Has Woolner begun your bust?16 Huxley has a 7th. daughter!17
I hear the Miss Horners are in a state of frantic excitement about Katy—18 I have often thought what a picturesque Joan of Arc Susan would make.—19 N.B. my ideas of J. A. are wholly derived from Etty’s & Millais’ pictures:20 I do not know even in whose reign she lived, if in any;21 and as I have no Wedgwood Medallion of her I have no means of knowing.22 By the way my pursuit of that blue art is over, & the crockery shops know me no more. I have never time to go to London now, and hope never to have again.— I do hope to have time to get to Down with my wife this summer if Mrs Darwin will take F. in & let me go up & down— What are your plans for June or July?23
What news of Etty?24
If you could run up to Town to take one peep of this Hort show on 22d. it would repay you I am sure & I would meet you there.25 I expect it will recall the Tropics— we are sending 8 Van loads of Palms &c
Wallace is married you see—a daughter of Mr Mitten a very acute cryptogamic Botanist of Hurst Pier point26
Ever Yours affec | J D Hooker
Footnotes
Bibliography
Calendar: A calendar of the correspondence of Charles Darwin, 1821–1882. With supplement. 2d edition. Edited by Frederick Burkhardt et al. Cambridge: Cambridge University Press. 1994.
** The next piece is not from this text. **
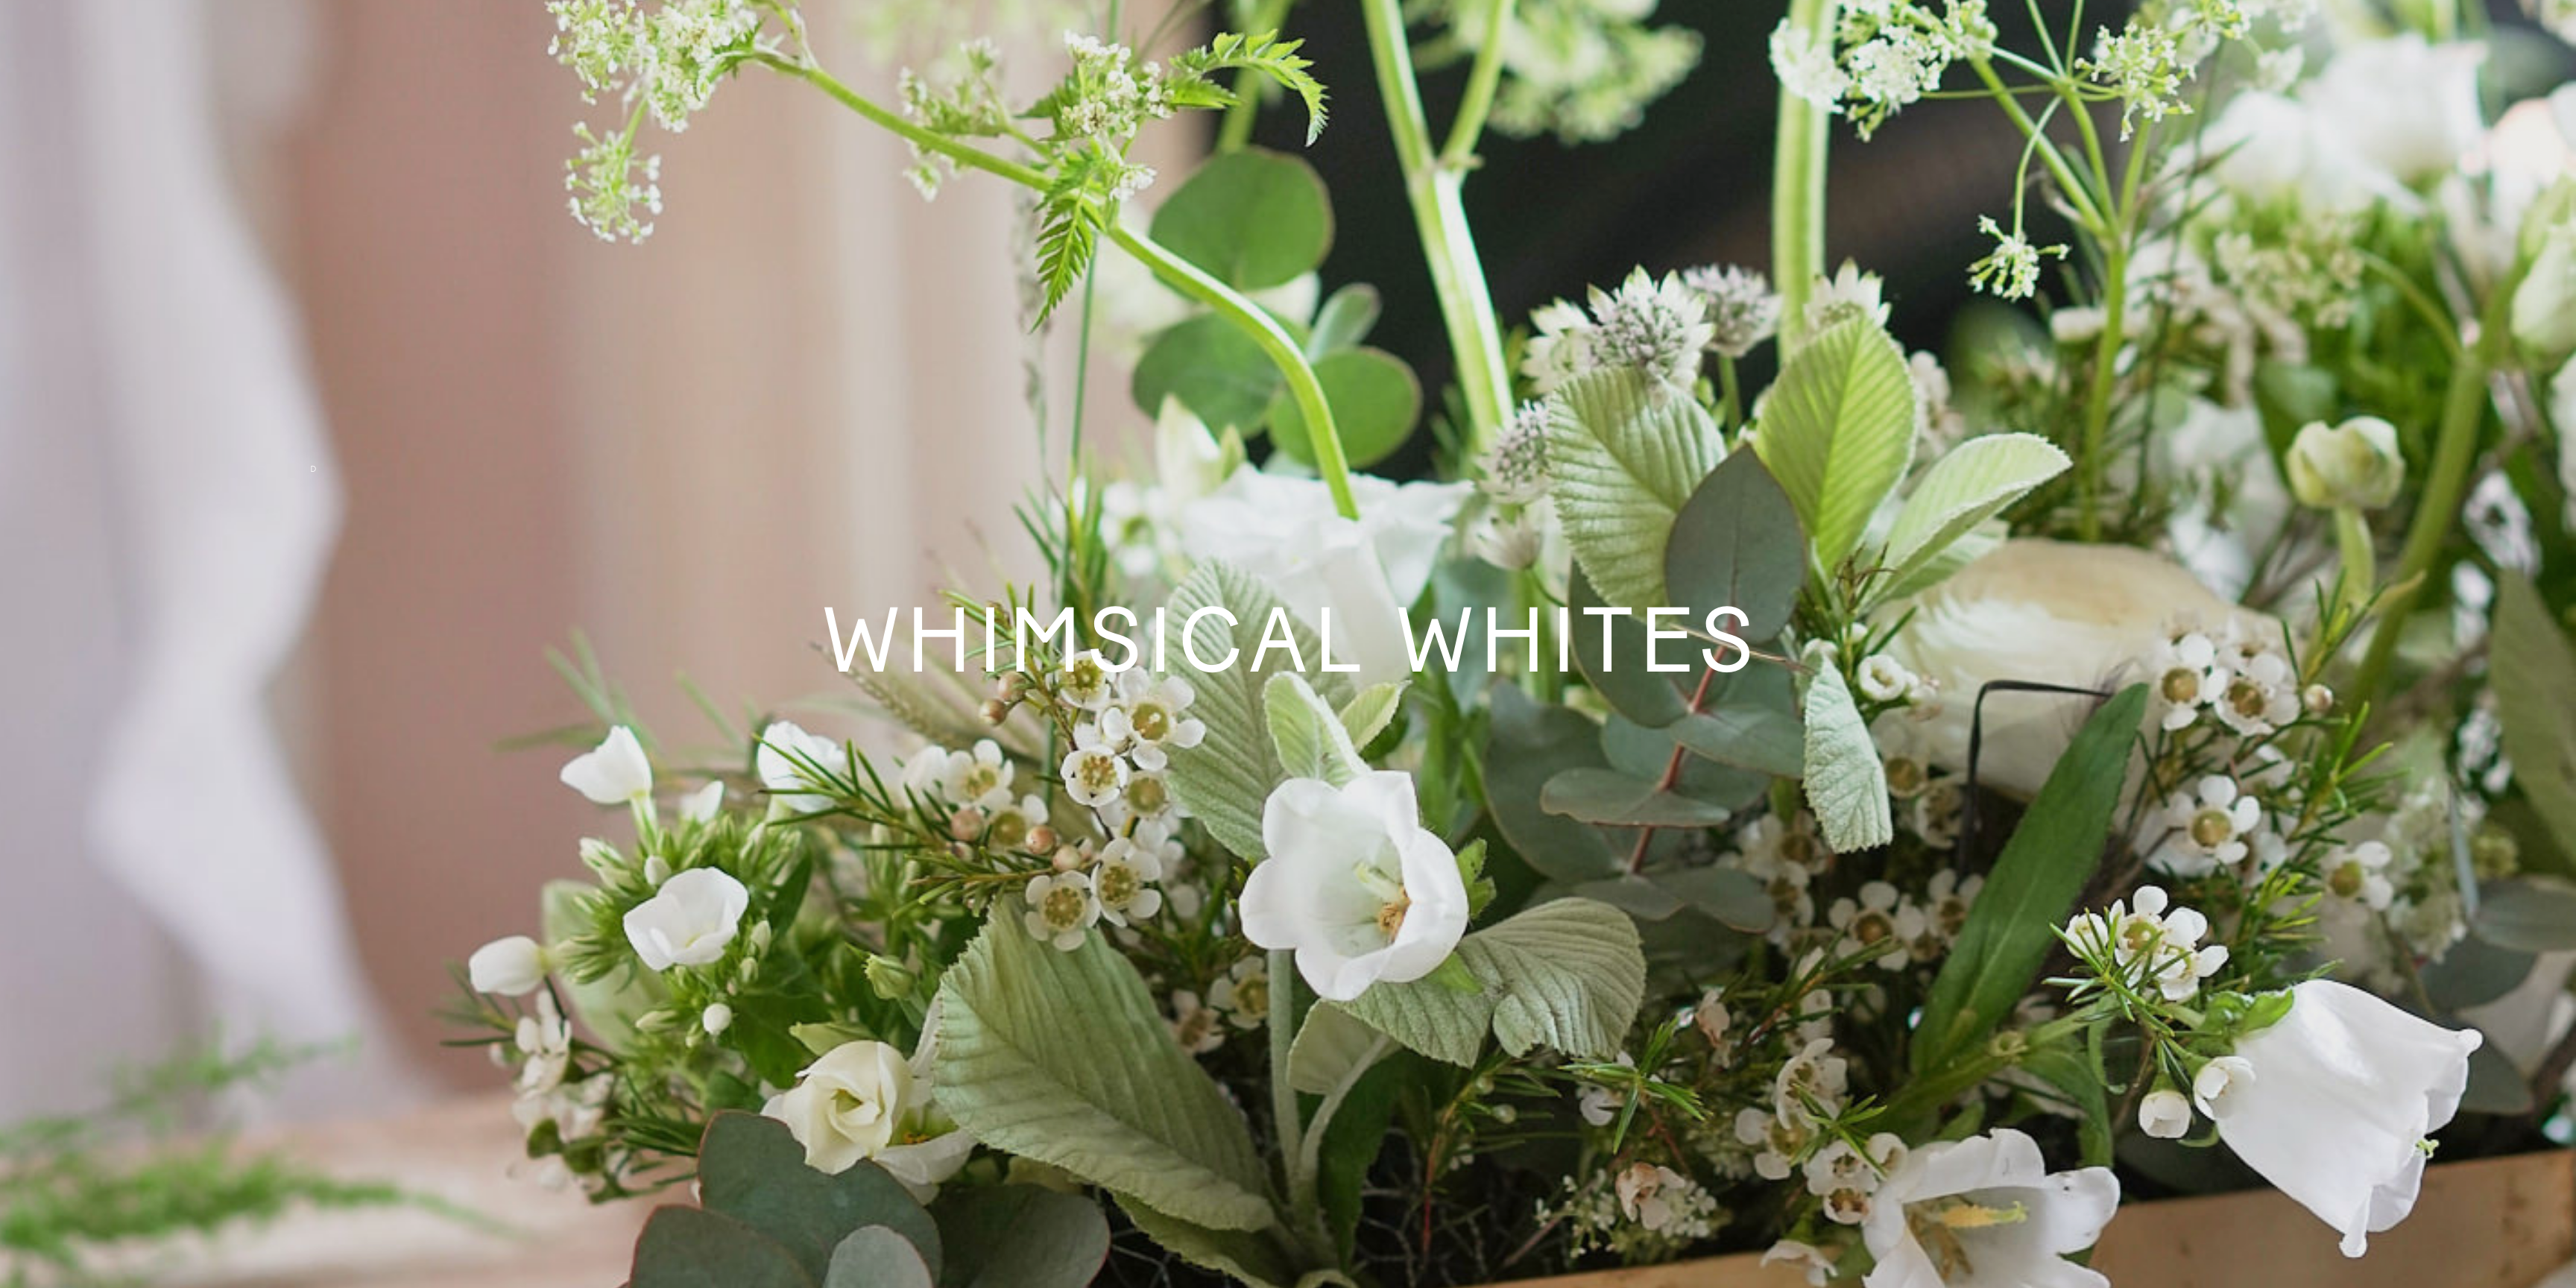 whimsical whites wedding flowers London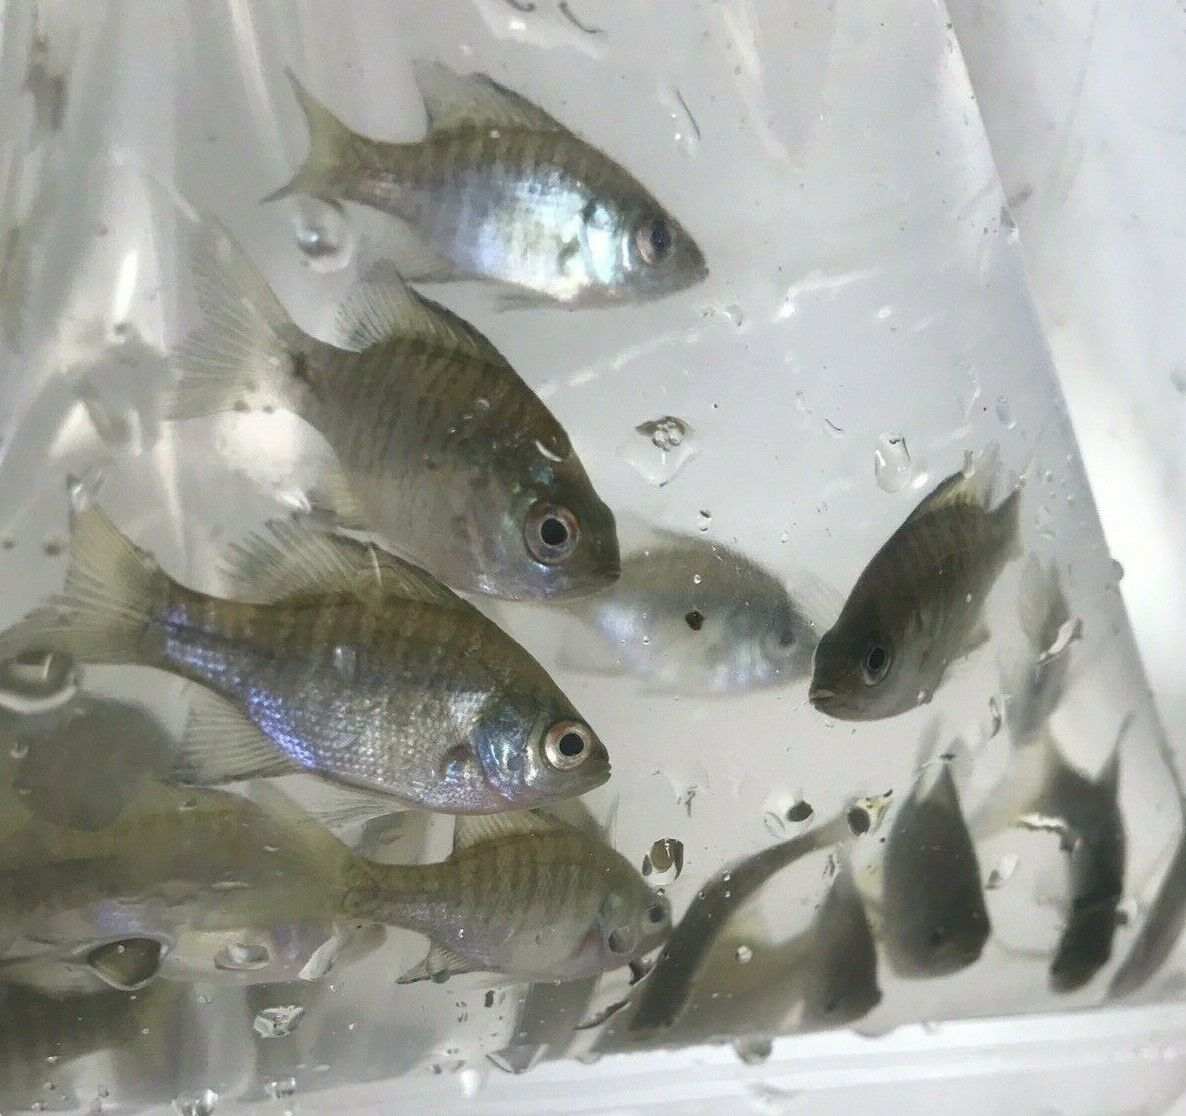 30+ Live Bluegill Fish (small) Guarantee Alive (2-day Shipping)

Clark, Ronald W. 1968. The Huxleys. London: Heinemann.
Cook, L. M. 1995. T. Vernon Wollaston and the ‘monstrous doctrine’. Archives of Natural History 22: 333–48.
Correspondence: The correspondence of Charles Darwin. Edited by Frederick Burkhardt et al. 29 vols to date. Cambridge: Cambridge University Press. 1985–.
Crawfurd, John. 1866. On the migration of cultivated plants in reference to ethnology. Journal of Botany 4: 317–32.
Descent: The descent of man, and selection in relation to sex. By Charles Darwin. 2 vols. London: John Murray. 1871.
EB: The Encyclopædia Britannica. A dictionary of arts, sciences, literature and general information. 11th edition. 29 vols. Cambridge: Cambridge University Press. 1910–11.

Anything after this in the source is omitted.